Для Мазарини в последний год его правления стало частым делом посещать балы-маскарады, устраиваемые королём в Лувре.
Надев длинное домино, просторные складки которого делали его высокую тощую фигуру никем не узнаваемой, он обычно смешивался с толпой – не ведавшей о его присутствии – в надежде почерпнуть из придворных сплетен толику полезных сведений.
Такие посещения Лувра хранились в полной тайне от всех, за исключением месье Андре – камердинера, который одевал его, и меня – капитана его гвардии, который сопровождал его.
Это происходило обыкновенно в тех случаях, когда кардинал удалялся в свои личные покои под предлогом желания пораньше лечь в постель. Тогда, скрывшись от любопытных взглядов, он снаряжался на бал, а когда был готов, Андре вызывал меня из приёмной. В ту памятную ночь я, однако, был пробуждён от задумчивости, в которую впал, наблюдая, как двое пажей бросают кости и разглагольствуют о хитростях игры, голосом самого кардинала, произнёсшего моё имя:
– Месье де Кавеньяк...
При звуке скрипучего голоса, который ясно дал понять мне, что его преосвященство не в духе, один из юнцов поспешно сел на кости, чтобы скрыть от глаз хозяина нечестивость своего времяпрепровождения, в то время как я, удивлённый нарушением обычного порядка, резко обернулся и отвесил глубокий поклон.
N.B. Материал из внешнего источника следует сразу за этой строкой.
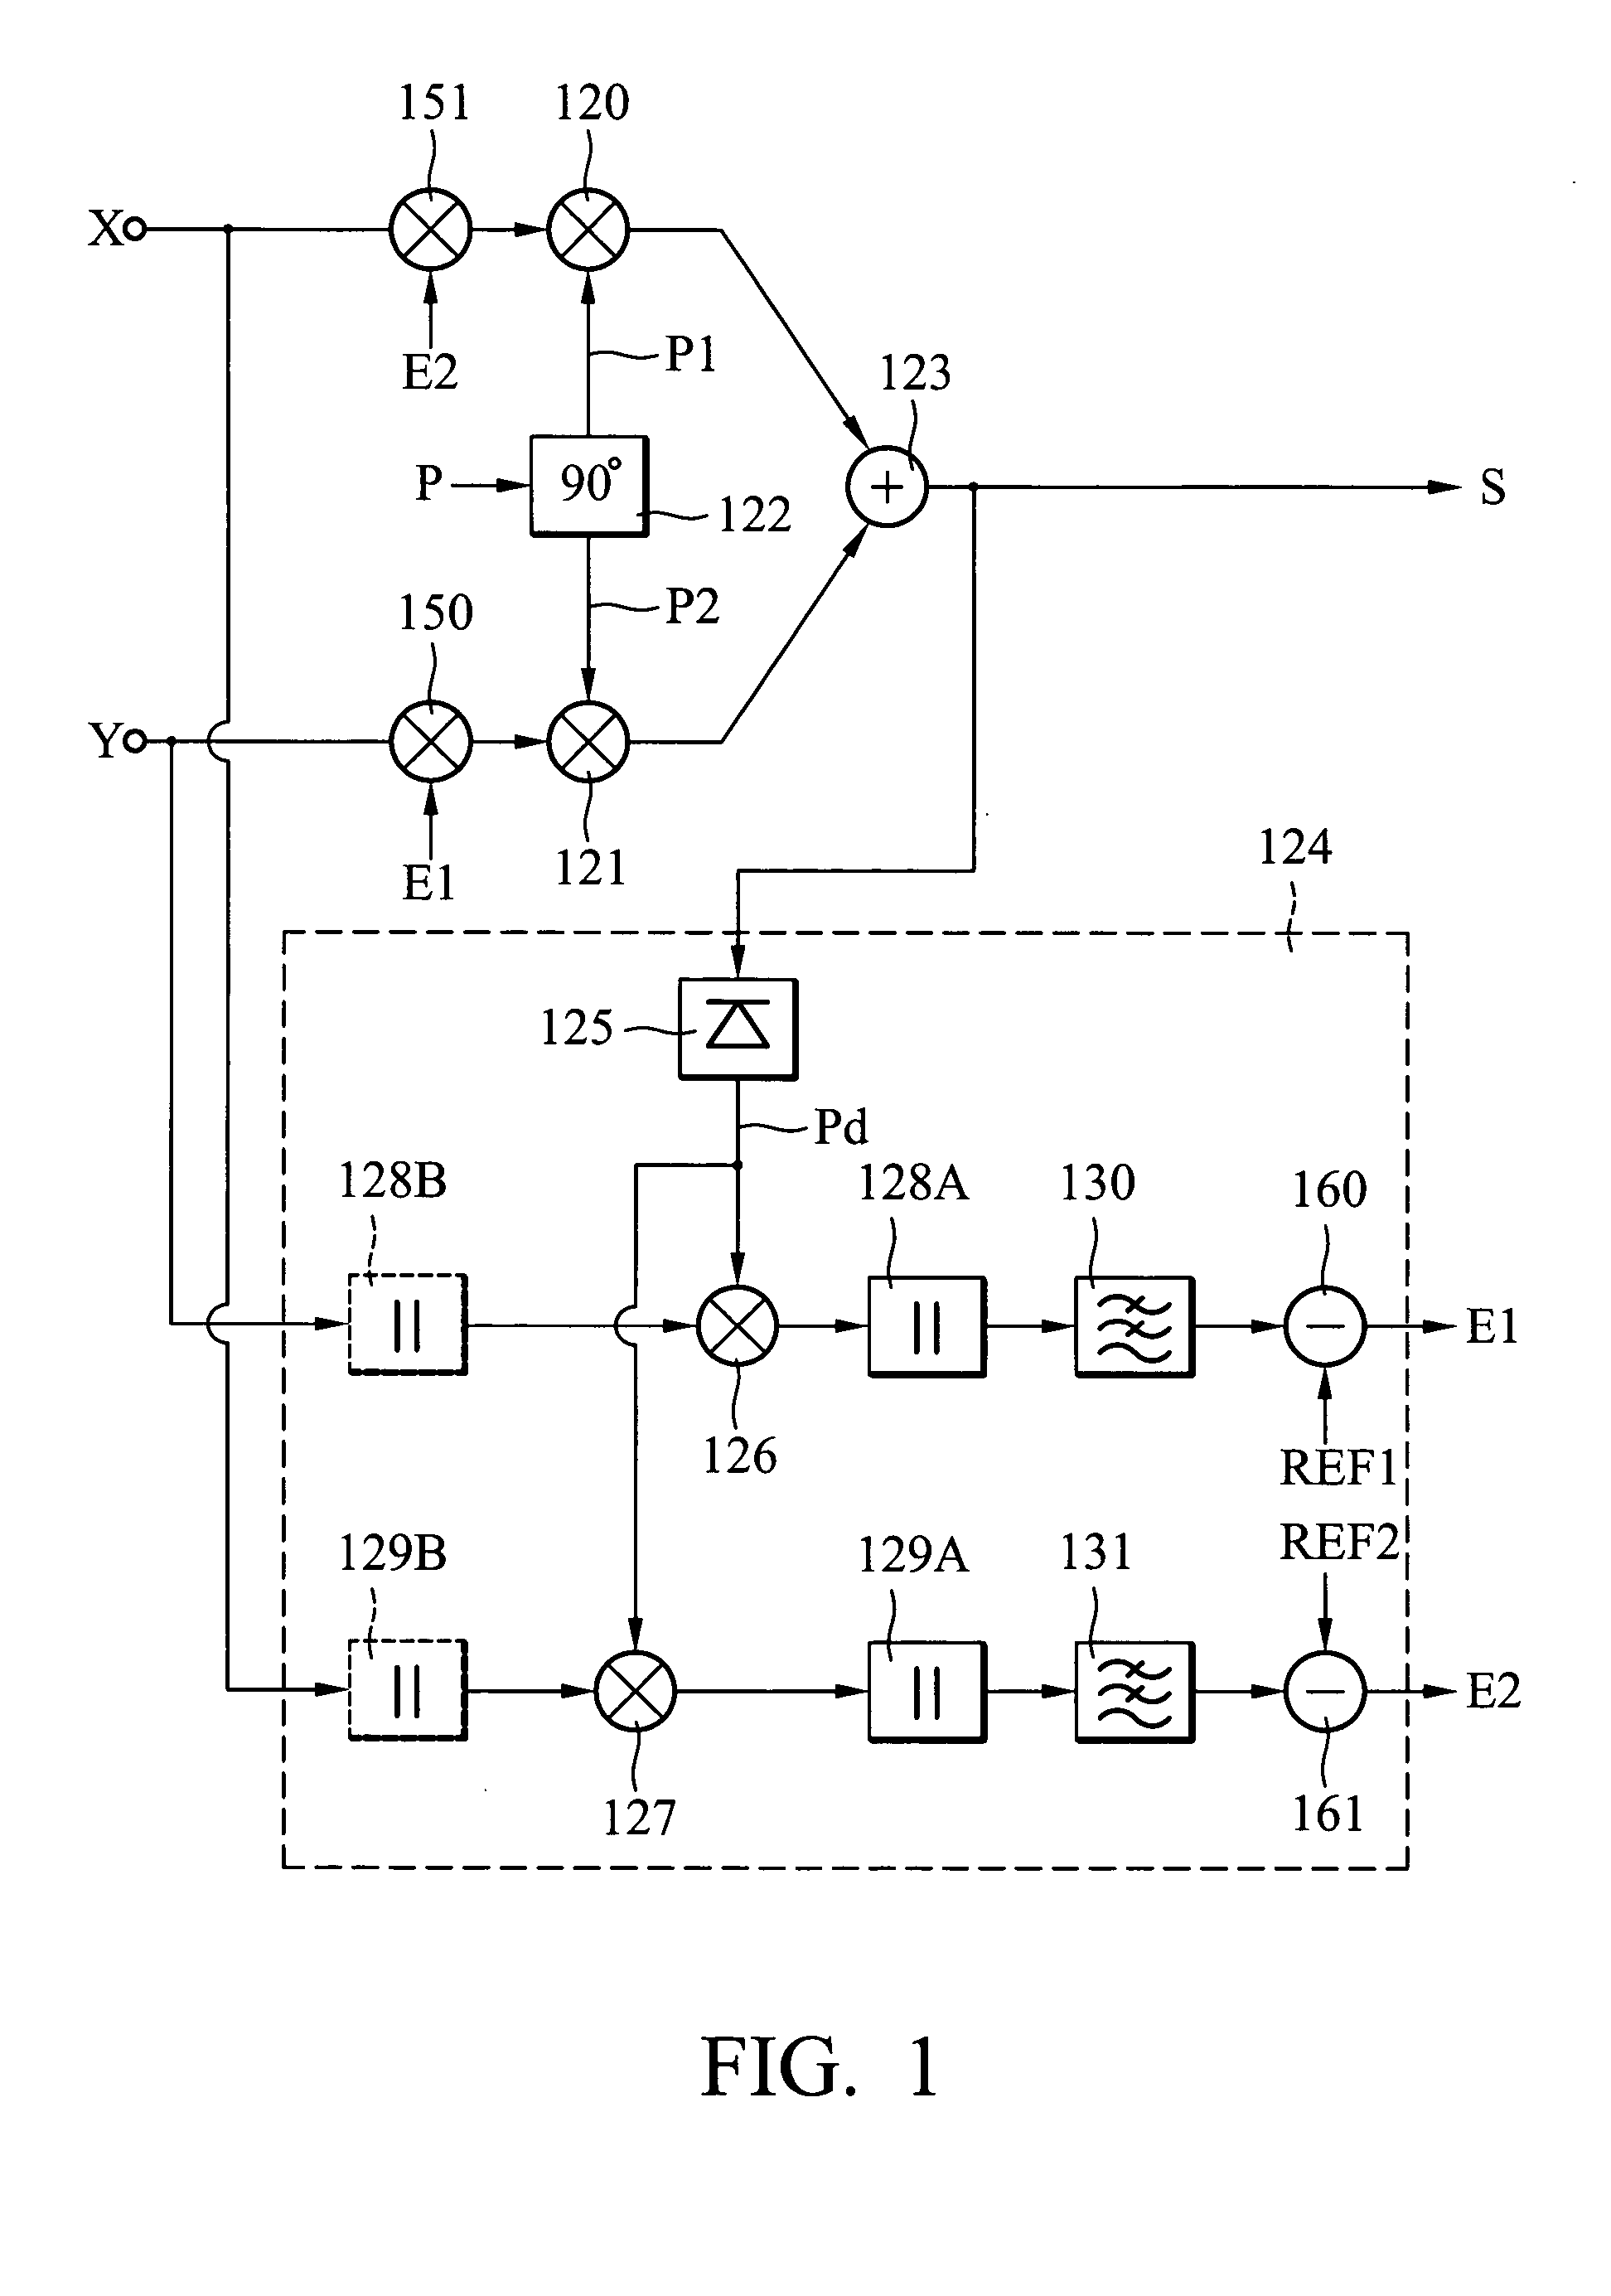 Method and apparatus for I/Q imbalance calibration of a transmitter system

Один взгляд на Мазарини поведал мне, что случилась какая-то неприятность. На его желтоватом лице цвёл гневный румянец, а глаза как-то странно, взволнованно блестели, в то время как унизанные драгоценностями пальцы подёргивали длинную остроконечную бородку, которую он по-прежнему носил по моде времён его покойного величества Людовика XIII.
– Следуйте за мной, месье, – сказал он; памятуя о его настроении, я приподнял свою шпагу, чтобы она не звякнула, и прошёл в кабинет, который отделял спальню от приёмной.
С завидным самообладанием сдержав гнев, который переполнял его, Мазарини протянул мне узкую полоску бумаги.
– Читайте, – бросил он коротко, как если бы боялся доверить своему голосу большее.
Взяв бумагу, как мне было велено, я внимательно рассмотрел её и внутренне засомневался, не впал ли кардинал в слабоумие, ибо, как я ни вглядывался, я не мог обнаружить никаких записей.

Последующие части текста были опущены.